--- START ---

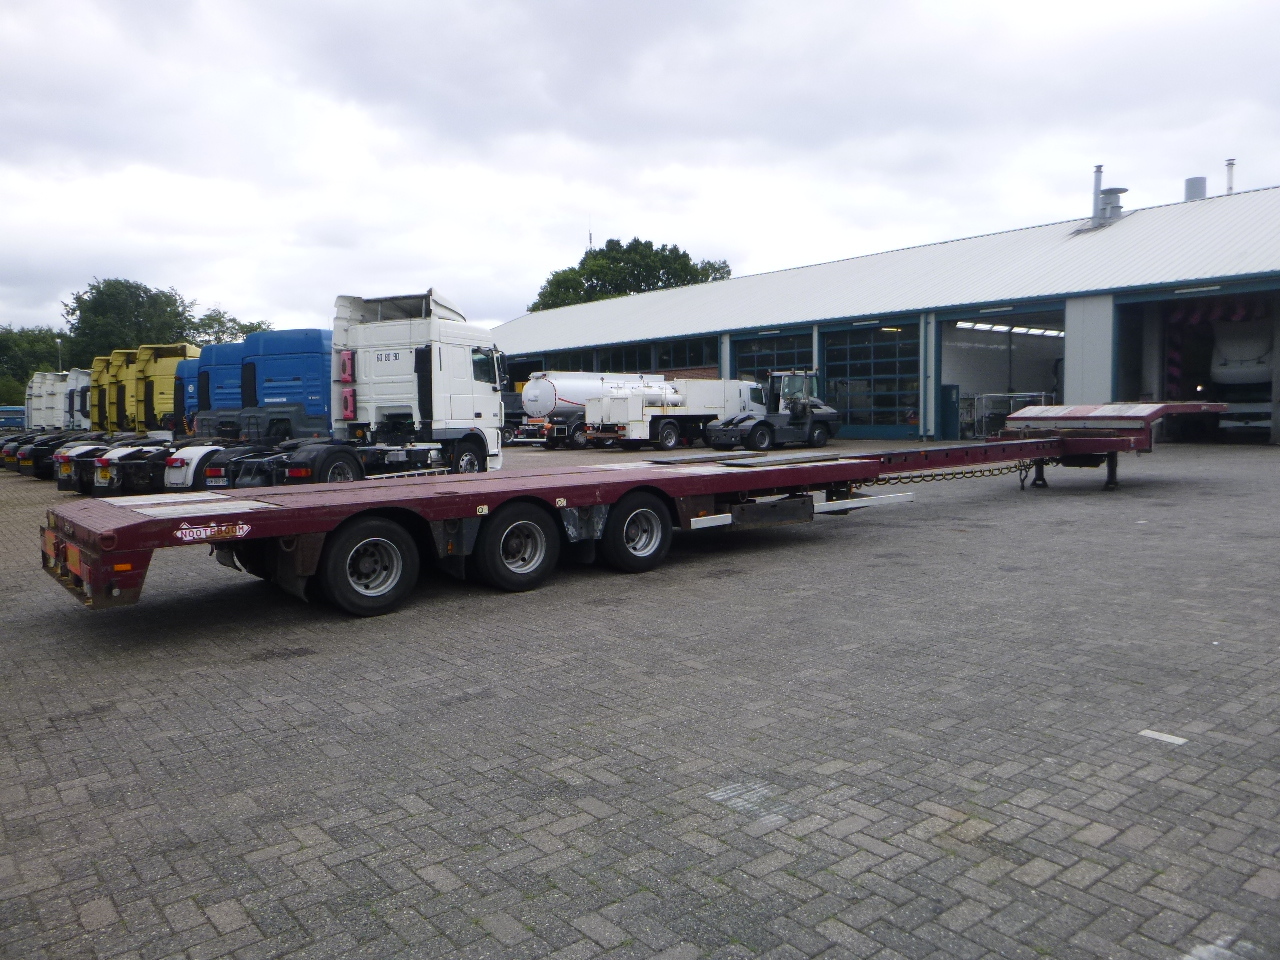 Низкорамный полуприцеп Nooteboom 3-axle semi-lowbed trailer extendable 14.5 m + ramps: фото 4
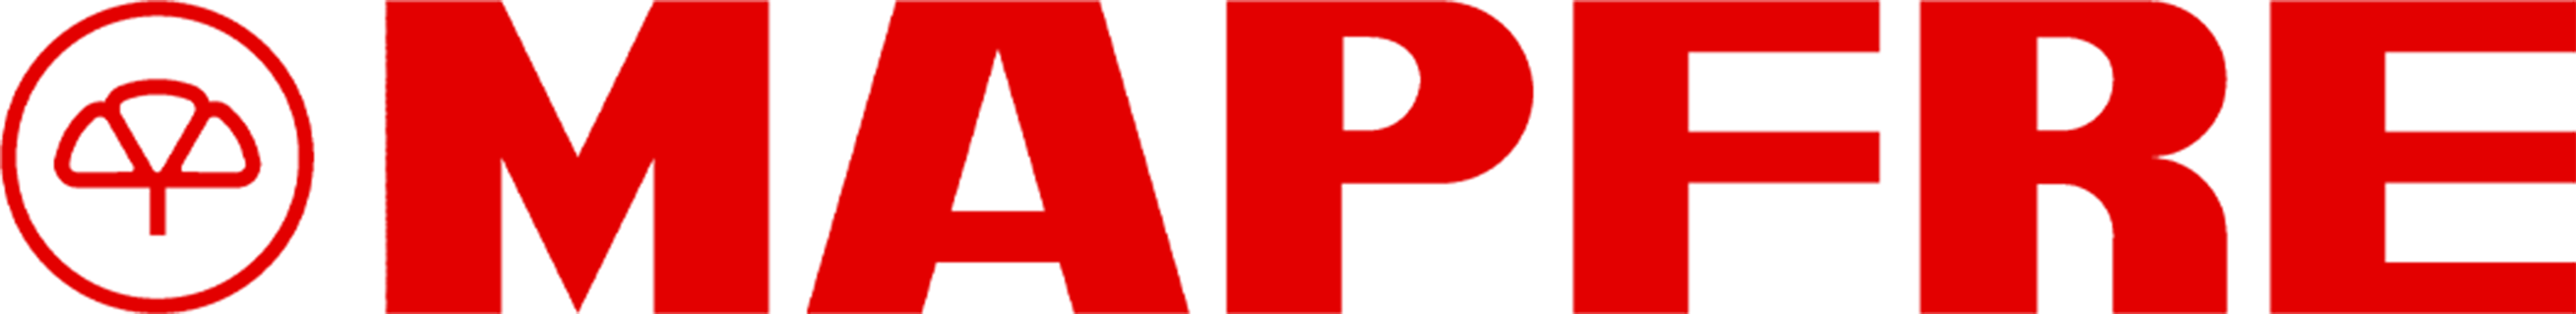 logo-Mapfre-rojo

--- END ---
--- START ---

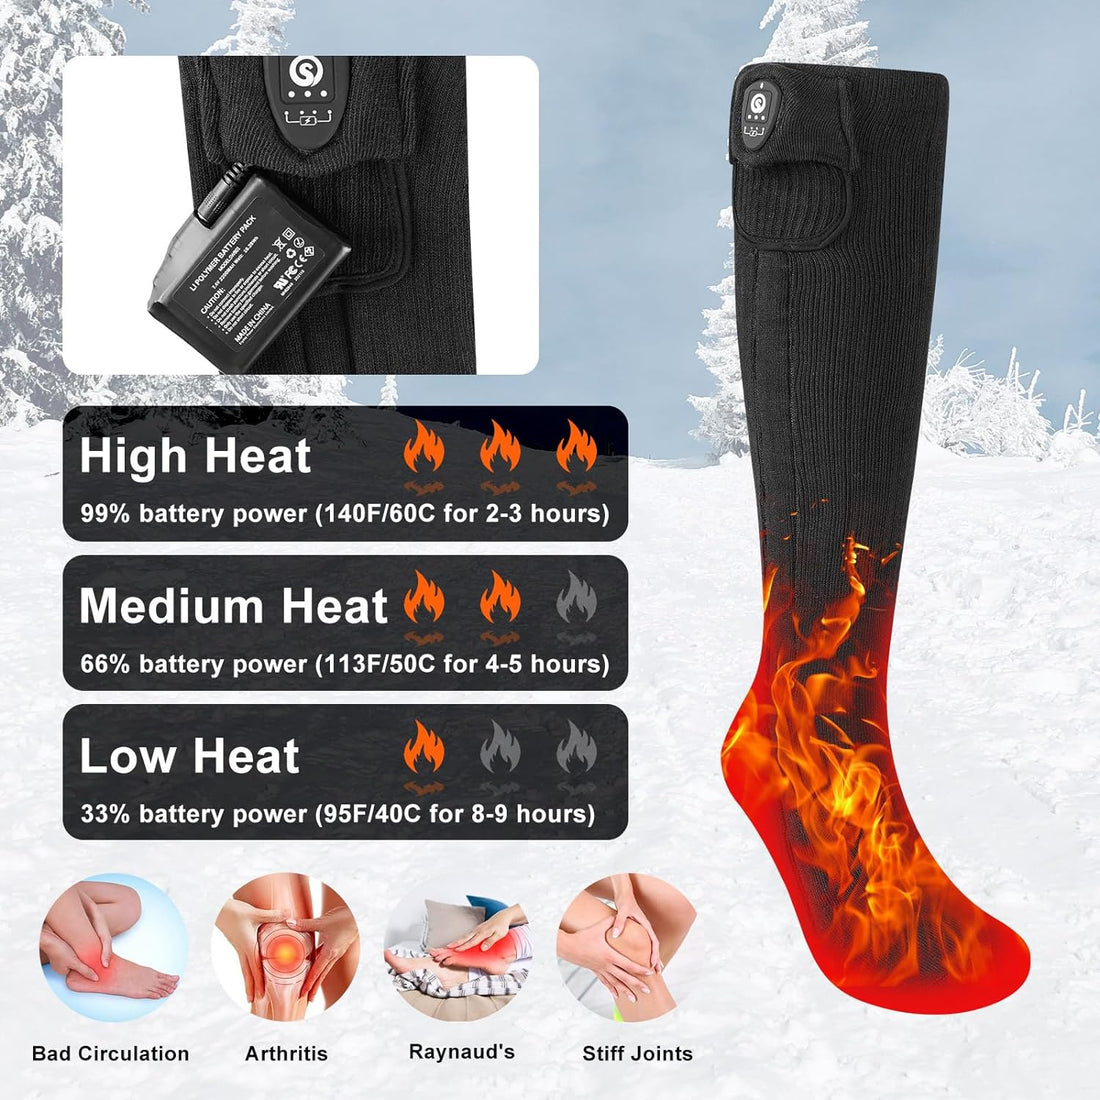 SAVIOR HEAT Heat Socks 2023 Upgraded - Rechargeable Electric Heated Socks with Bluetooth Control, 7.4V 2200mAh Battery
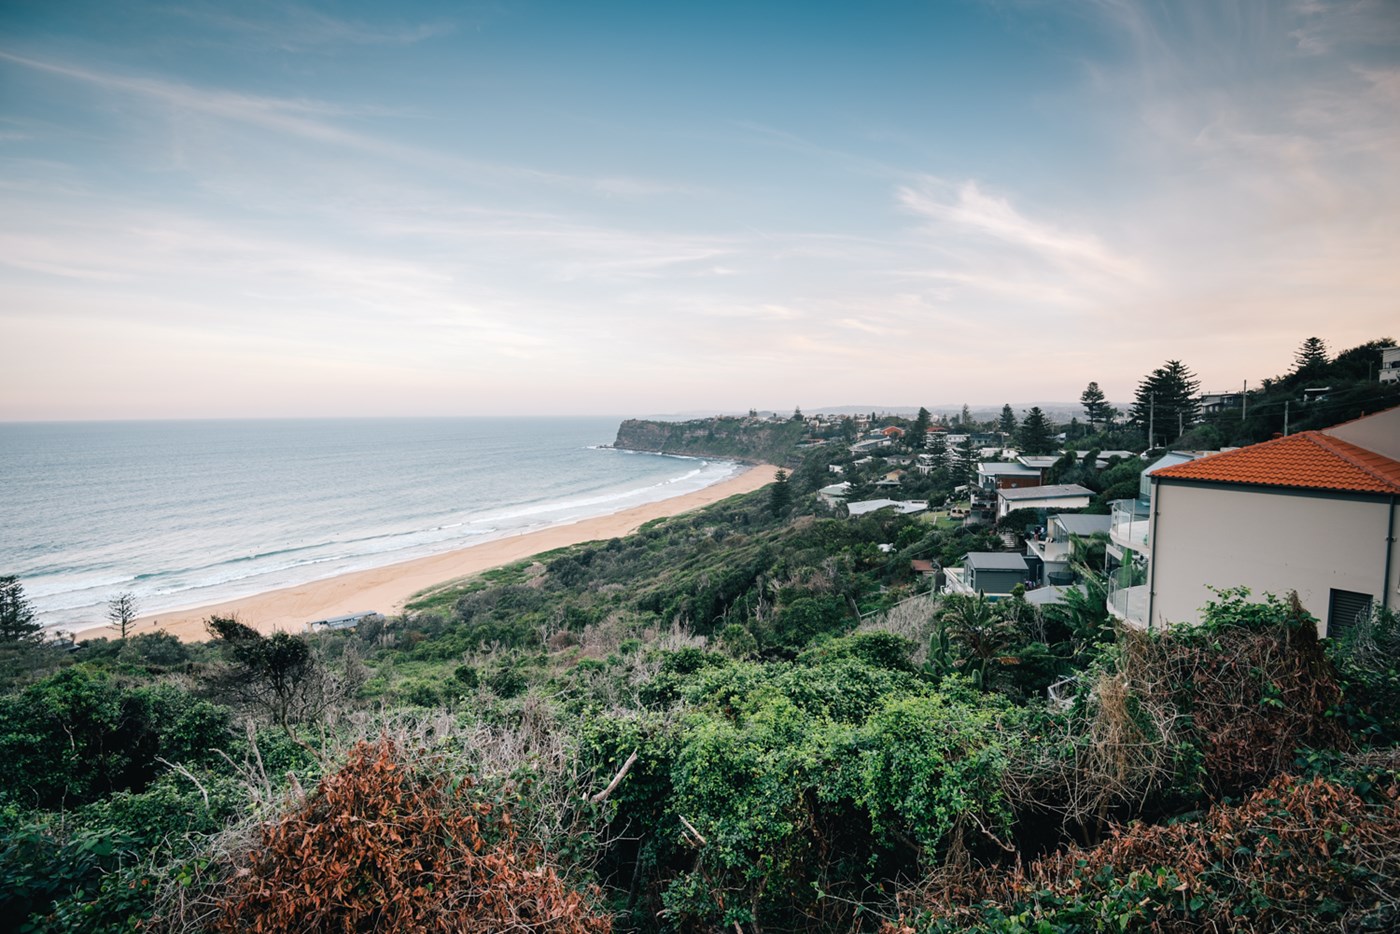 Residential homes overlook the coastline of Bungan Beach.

--- END ---

- _Exercise objective_:
In the records above, find the line with "Низкорамный полуприцеп Nooteboom" and the line with "logo-Mapfre-rojo"; please transcribe exactly those two lines and all lines between them, omitting any picture.

- _Solved exercise_:
 Низкорамный полуприцеп Nooteboom 3-axle semi-lowbed trailer extendable 14.5 m + ramps: фото 4
 logo-Mapfre-rojo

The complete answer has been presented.